## Available data

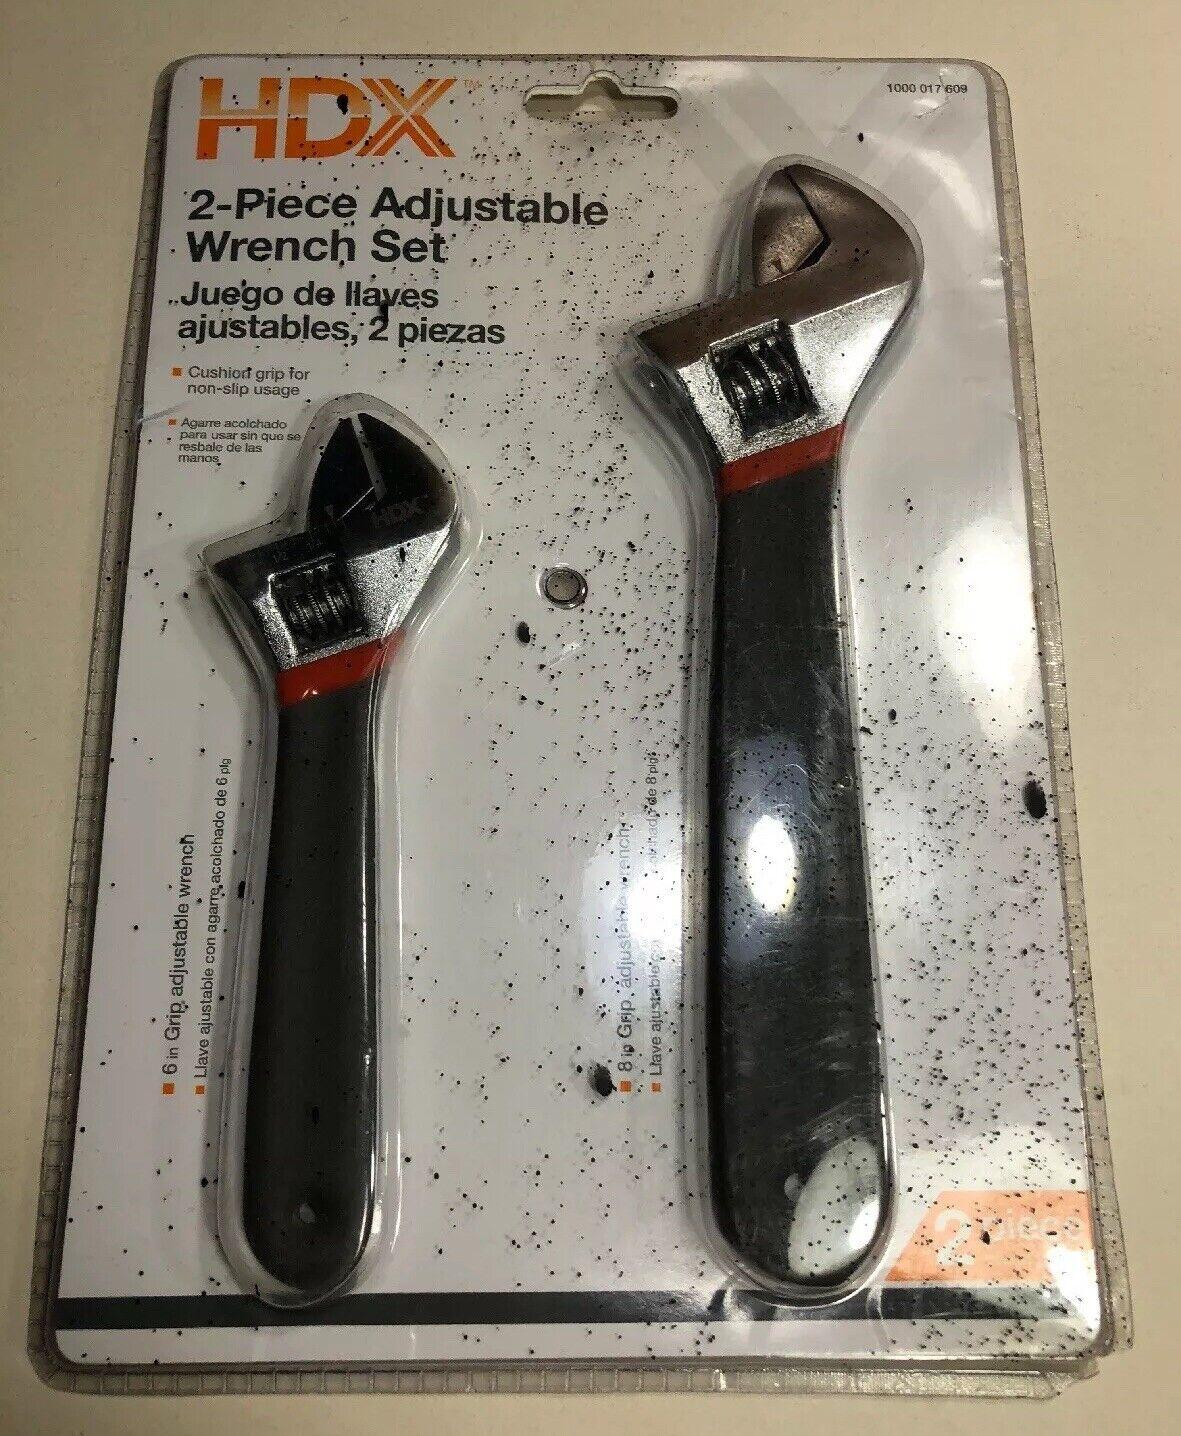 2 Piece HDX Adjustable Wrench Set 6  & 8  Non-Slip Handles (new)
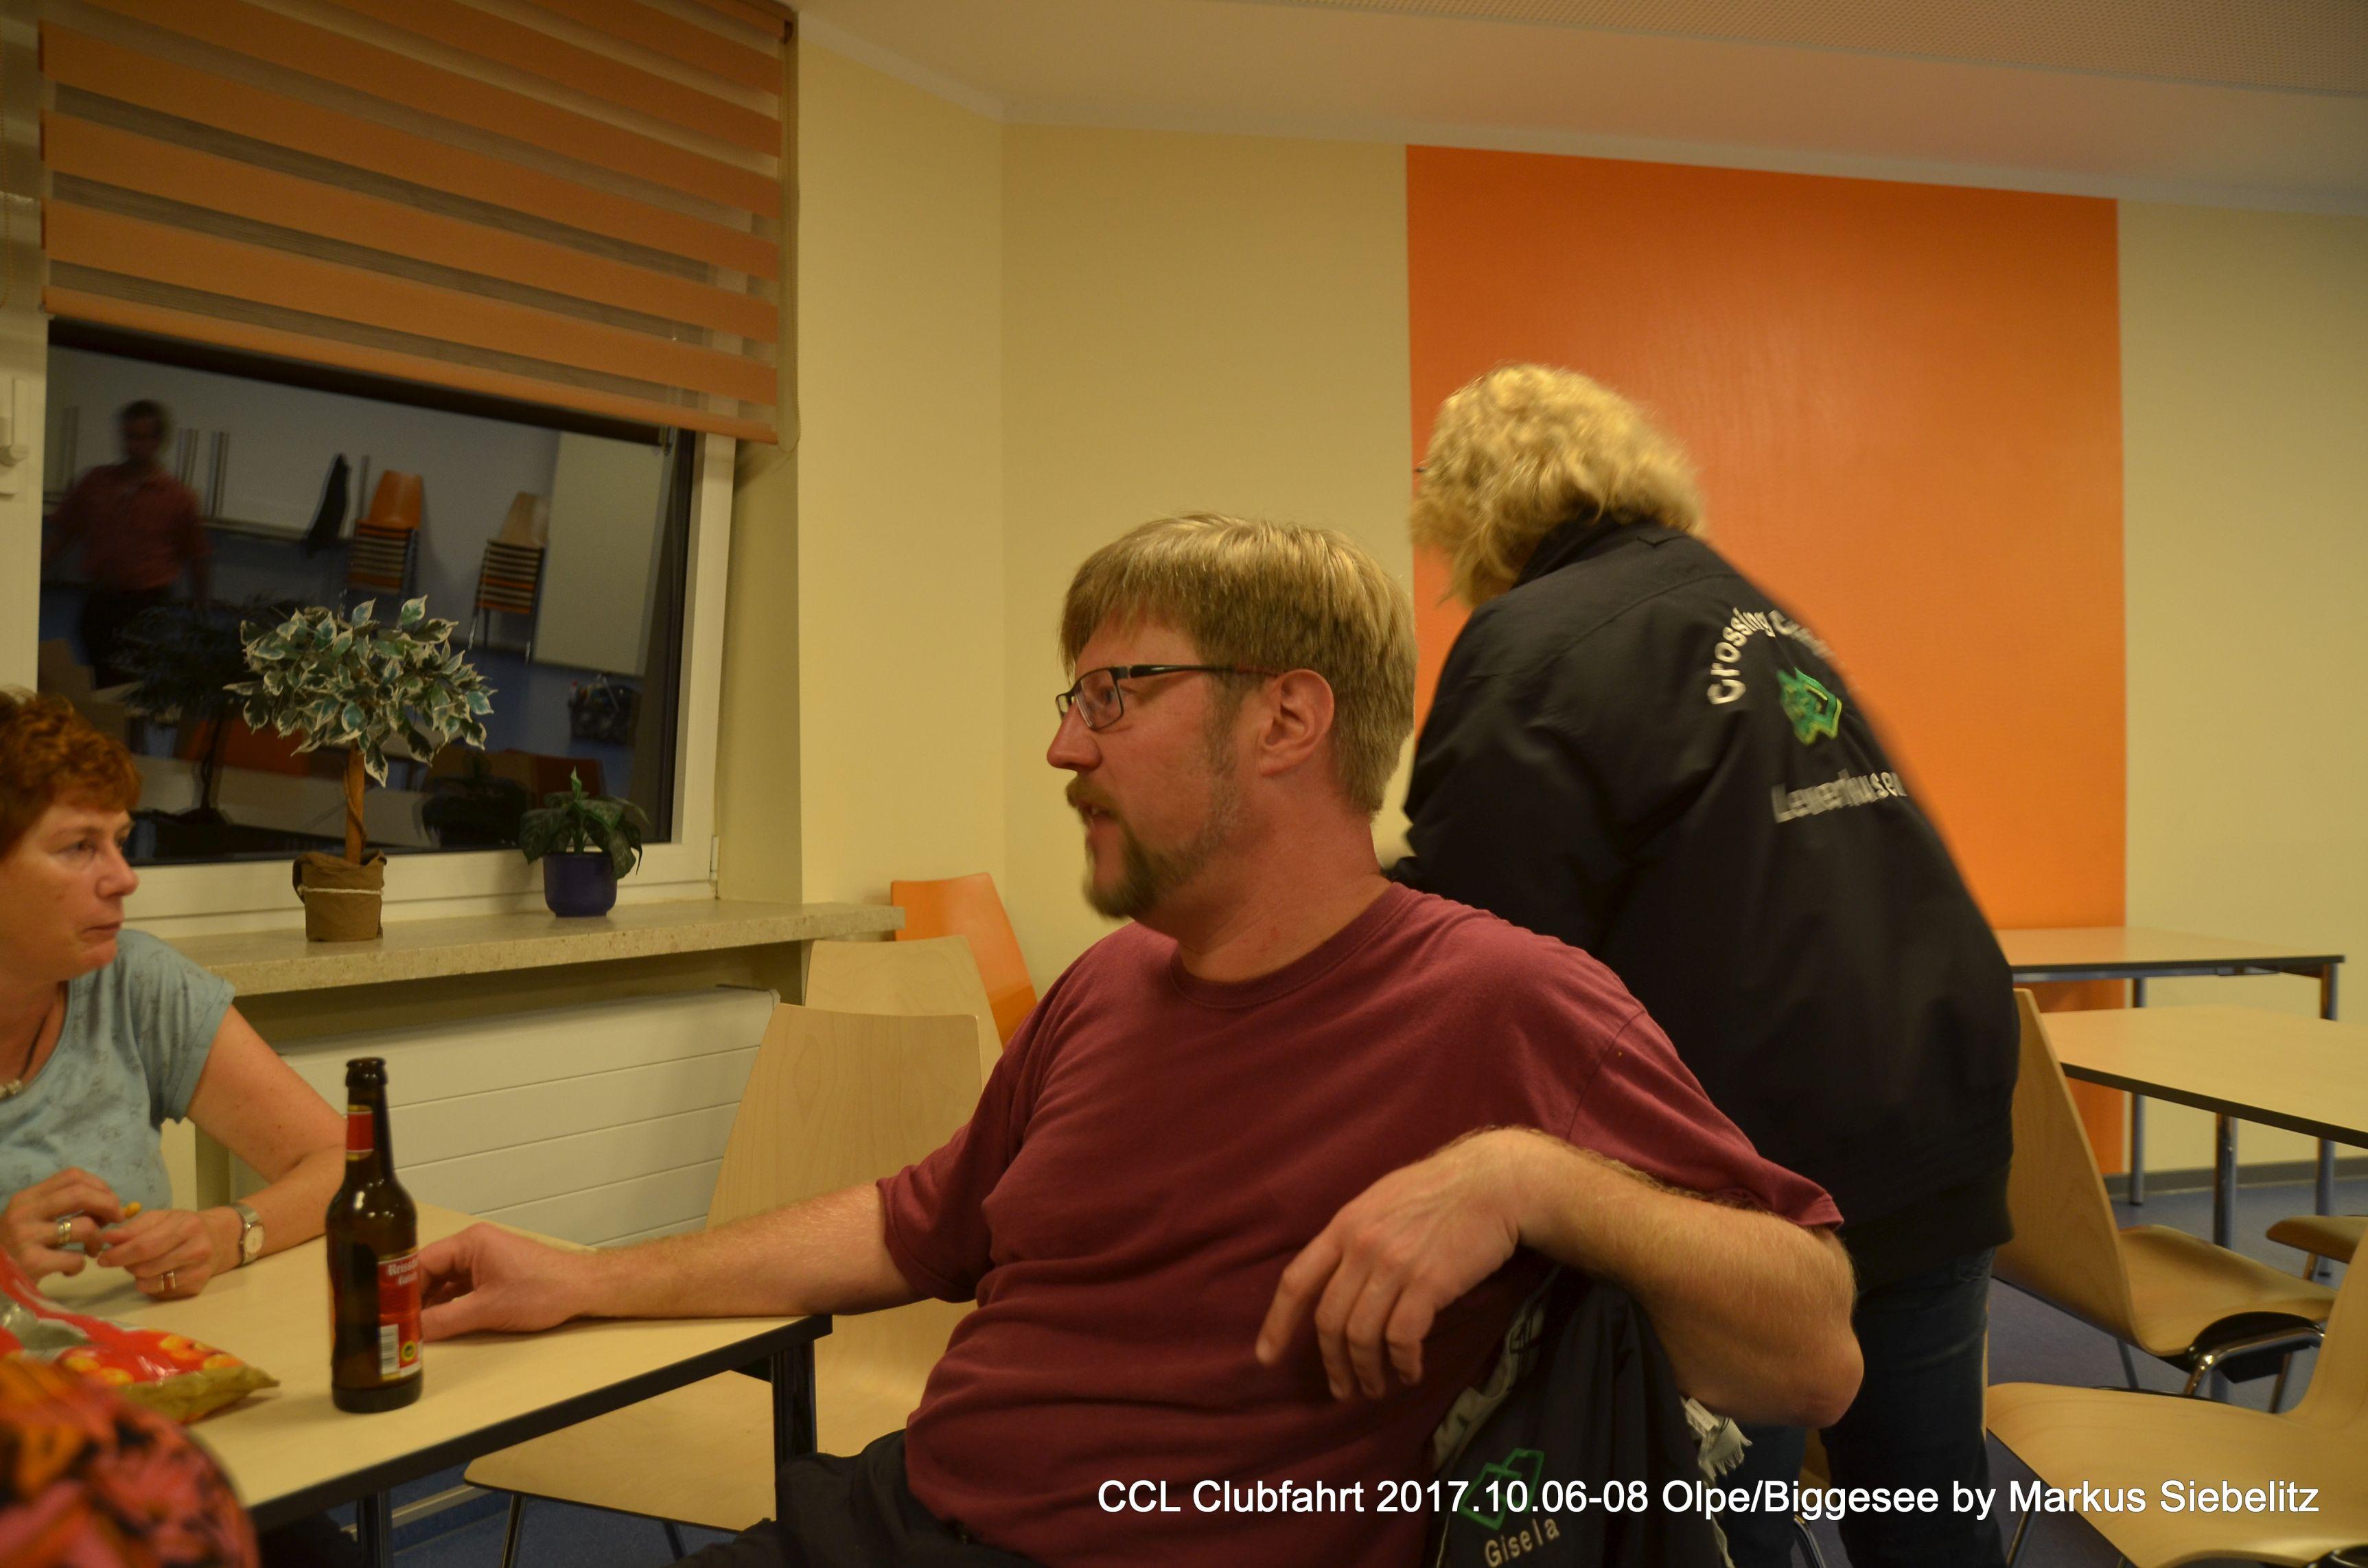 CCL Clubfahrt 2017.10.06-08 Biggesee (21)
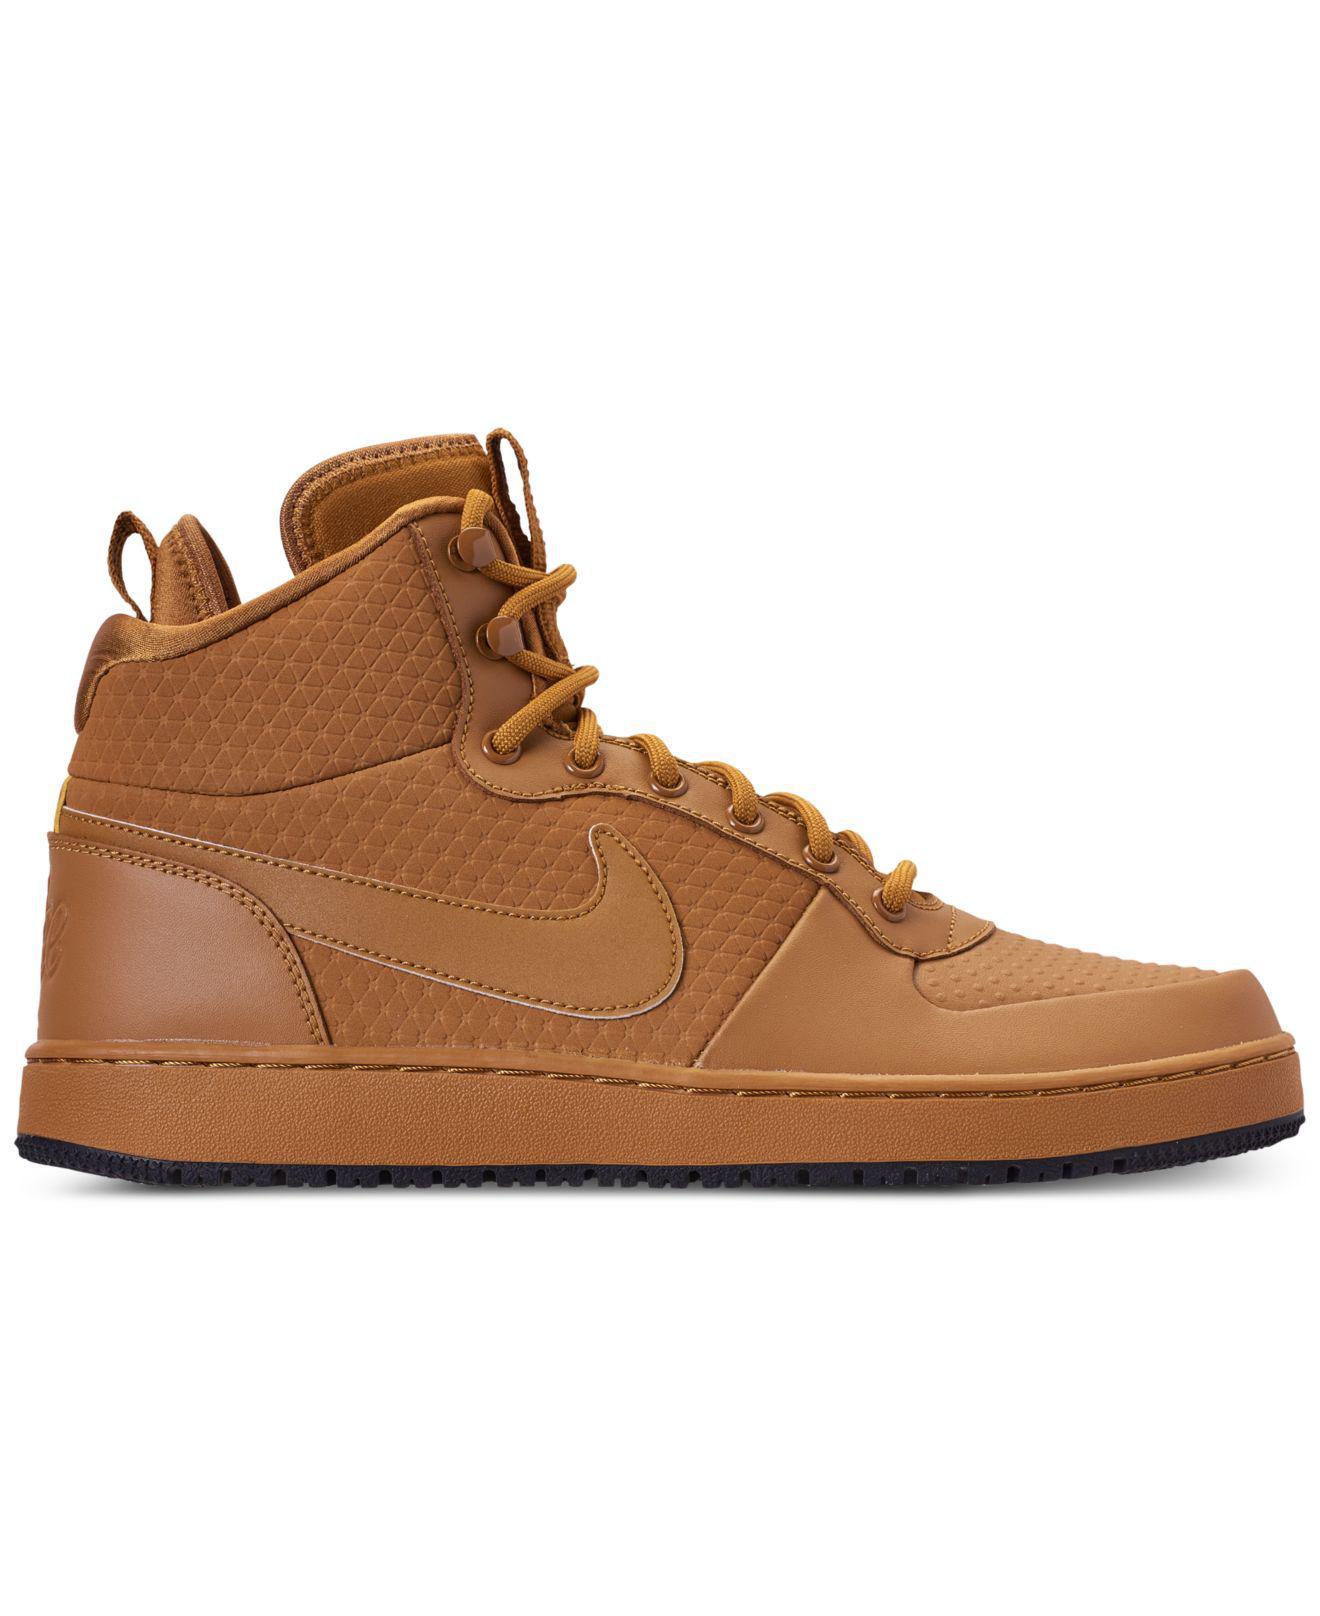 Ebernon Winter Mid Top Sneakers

## What you need to do
Pictures aside, give the data again exactly as it appears.

## Worked solution
 2 Piece HDX Adjustable Wrench Set 6  & 8  Non-Slip Handles (new)
 CCL Clubfahrt 2017.10.06-08 Biggesee (21)
 Ebernon Winter Mid Top Sneakers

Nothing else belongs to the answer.